Вот он, планетарный масштаб, столь угодный артисту, соразмерный ему как Фаусту и фантасту. Эстетическая тотальгия – это платоно-вагнеровская утопия о государстве как совершенном произведении искусства, мечта художника слова о художнике дела. И пусть это всеблагое государство, воздвигнутое гением поступка, не потерпит свободного гения слова, изгонит или задушит поэта как своего соперника – он рад принять и это. И «весь я рад сойти на нет В революцьонной воле» («Весеннею порою льда...», 1931).
А теперь процитирую самого Быкова, который в своем «Пастернаке» как бы предсказал собственную тотальгию:
«Самое же горькое заключается в том, что для Пастернака – и для любого крупного дарования – главным критерием оценки события или деятеля является масштаб. Масштабное зло можно ненавидеть, но уважать, – мелкое и компромиссное добро чаще всего удостаивается презрения» (Дмитрий Быков. Борис Пастернак. – М.: ЖЗЛ, 2005, c. 521–522).
Быкову горько за Пастернака. Мне – за Быкова.

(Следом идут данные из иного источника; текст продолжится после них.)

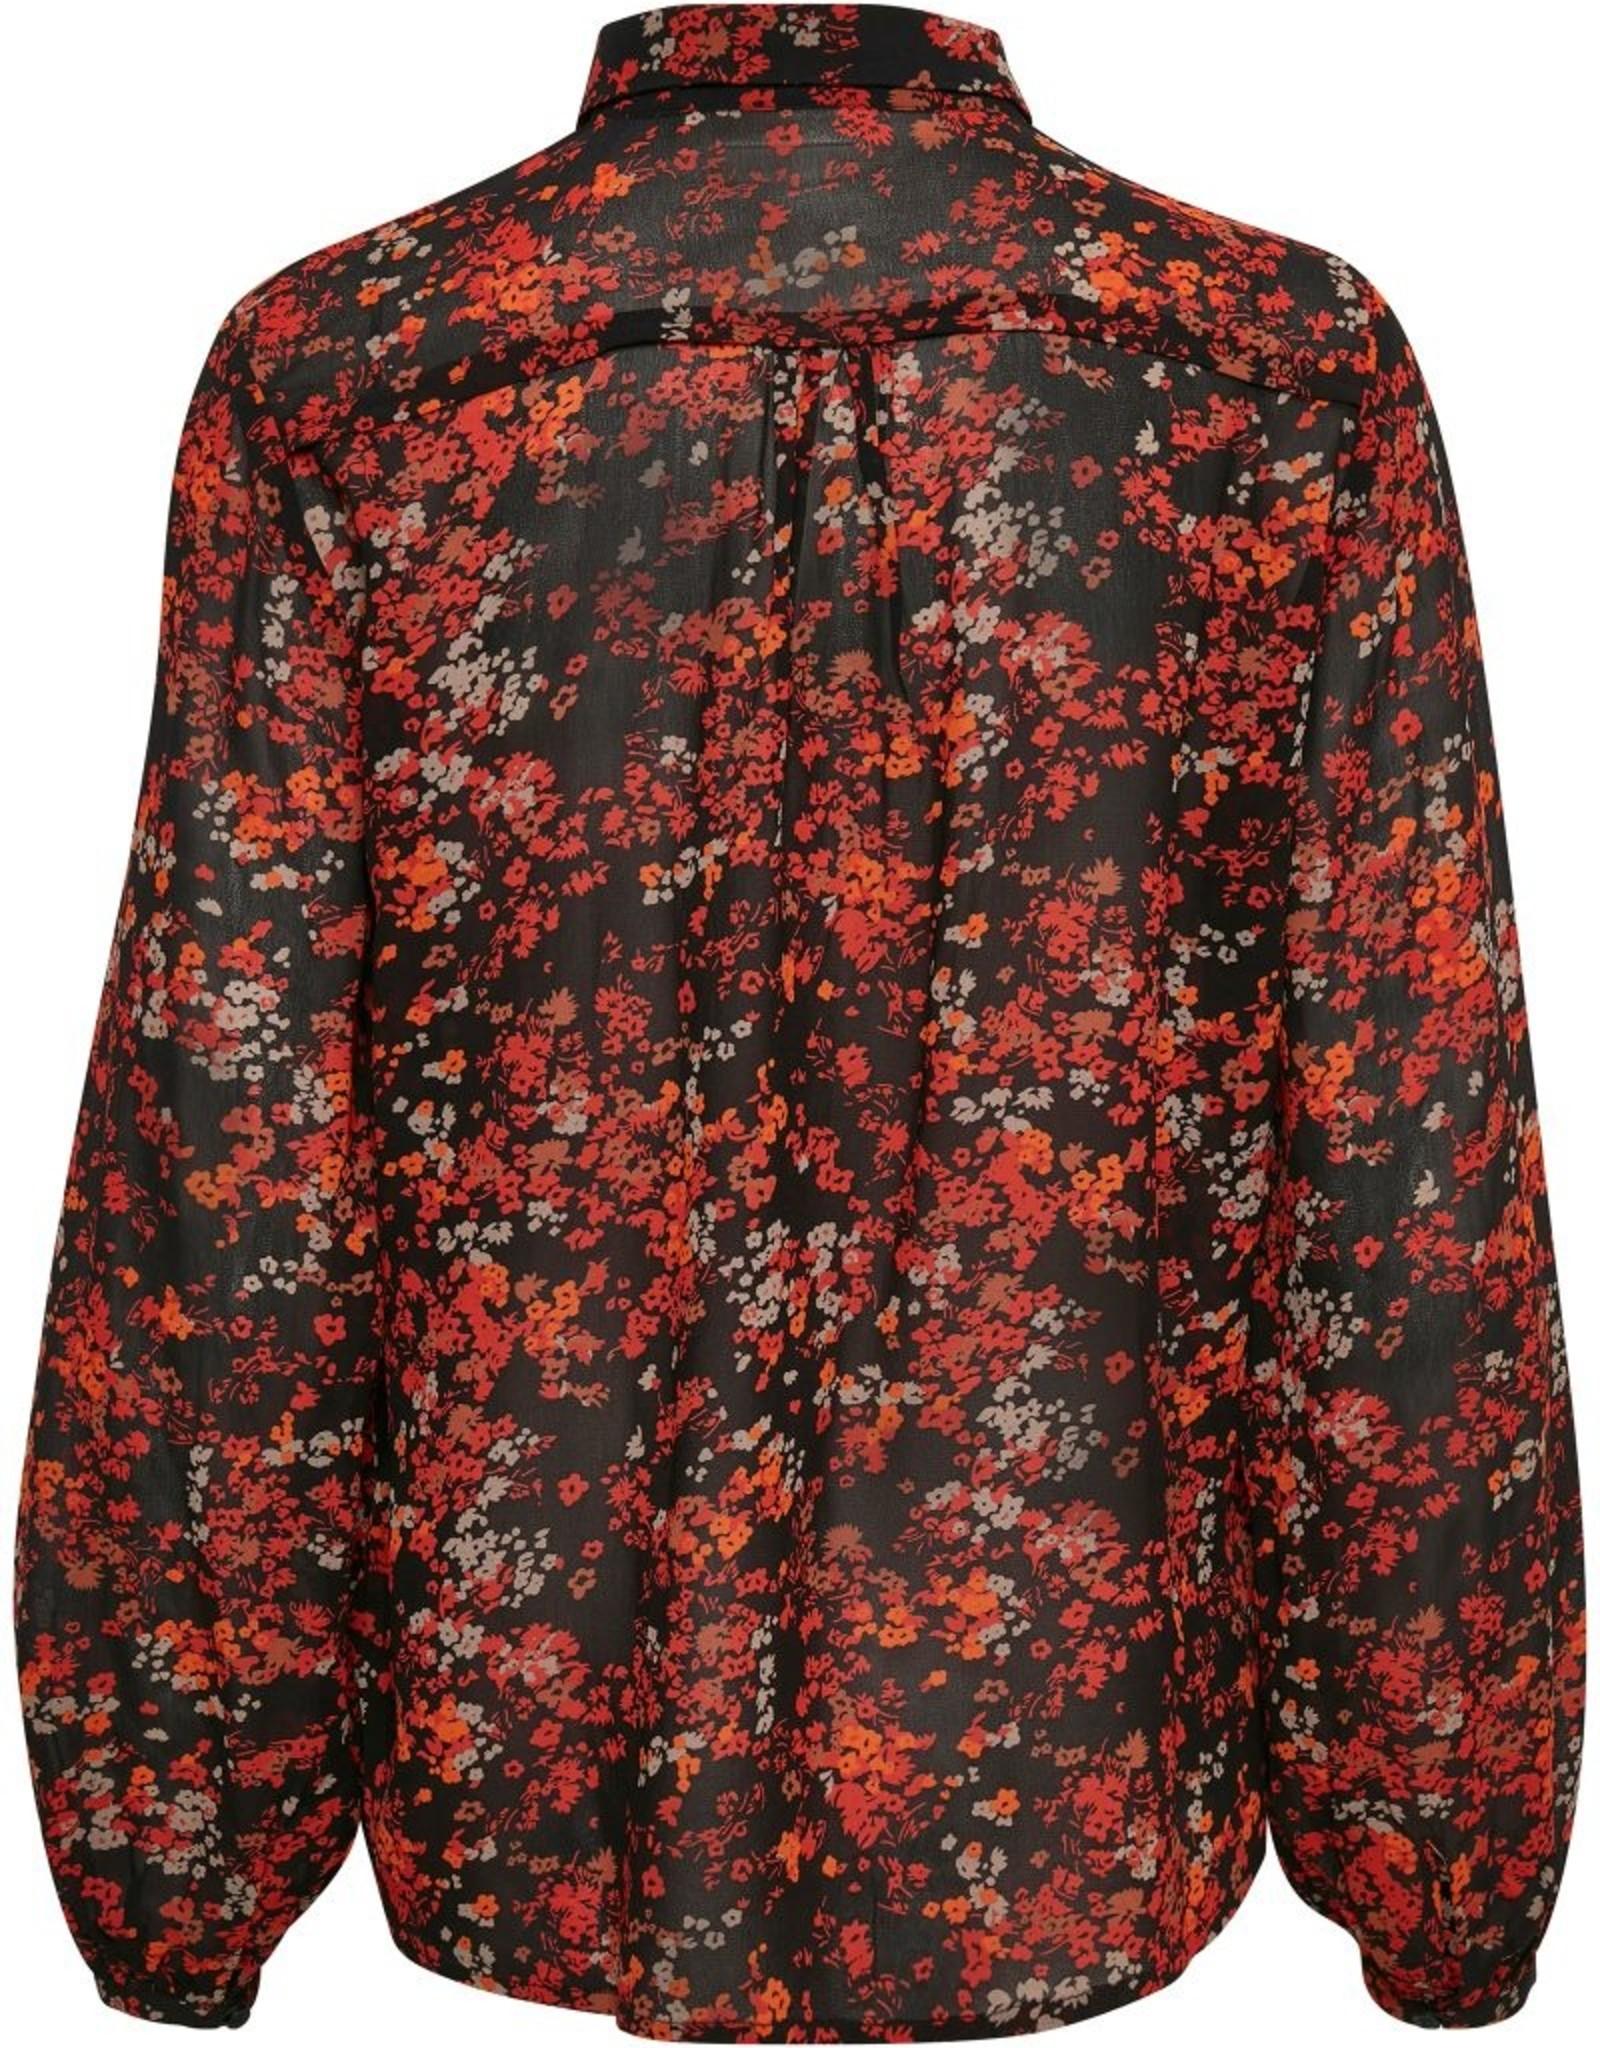 InWear Barbel Shirt Red Dried Flower

Но есть и разница. Пастернак эстетизировал диктатора, пока его исторический масштаб еще был очевиднее, чем моральный вектор. Первоклассная диктатура только строилась, и еще можно было жить «в надежде славы и добра», уповать на сохранение масштаба при повороте вектора: от красочного зла – к красочному добру.
Столетье с лишним – не вчера,
А сила прежняя в соблазне
В надежде славы и добра
Глядеть на вещи без боязни.
/.../
Но лишь сейчас сказать пора,
Величьем дня сравненье разня:
Начало славных дней Петра
Мрачили мятежи и казни.
Итак, вперед, не трепеща
И утешаясь параллелью...
Дмитрий Быков. Лукавит или заблуждается? Фото Евгения Зуева (НГ-фото) |
(«Столетье с лишним – не вчера...», 1931).
Но сейчас, восемьдесят лет спустя, параллель не утешает, перед нами уже не начало славных дней, а их бесславный конец. Можно бестрепетно ринуться вперед, и в этом обаяние риска, но ринуться бестрепетно назад – это уже инерция заколдованности и гибельной обреченности. Тогда «в эту дыру сквозило будущее», а сейчас – прошлое. Такова разница поступательной и возвратной тотальгии.
Лучшее, что было в истории тоталитарной державы, – это именно перемена масштаба, переход от первоклассной диктатуры к посредственной. От Сталина к Брежневу. И далее к Путину. Да здравствует посредственность! Если страна обречена на диктатуру, то пусть как можно более посредственную. Если убивает, то пусть не миллионами, а единицами, в надежде, что дальнейший рост посредственности сведет число жертв к нулю. Если вектор власти по-прежнему направлен ко злу, то спасение – не в укрупнении, а в предельном измельчении масштаба.
Конец советского строя со всей наглядностью прояснил то, что еще не было ясно в его начале. Пастернак, современник восходящей утопии, имел хотя бы эстетическое право на моральную ошибку. У нынешних тотальгистов такого права уже нет.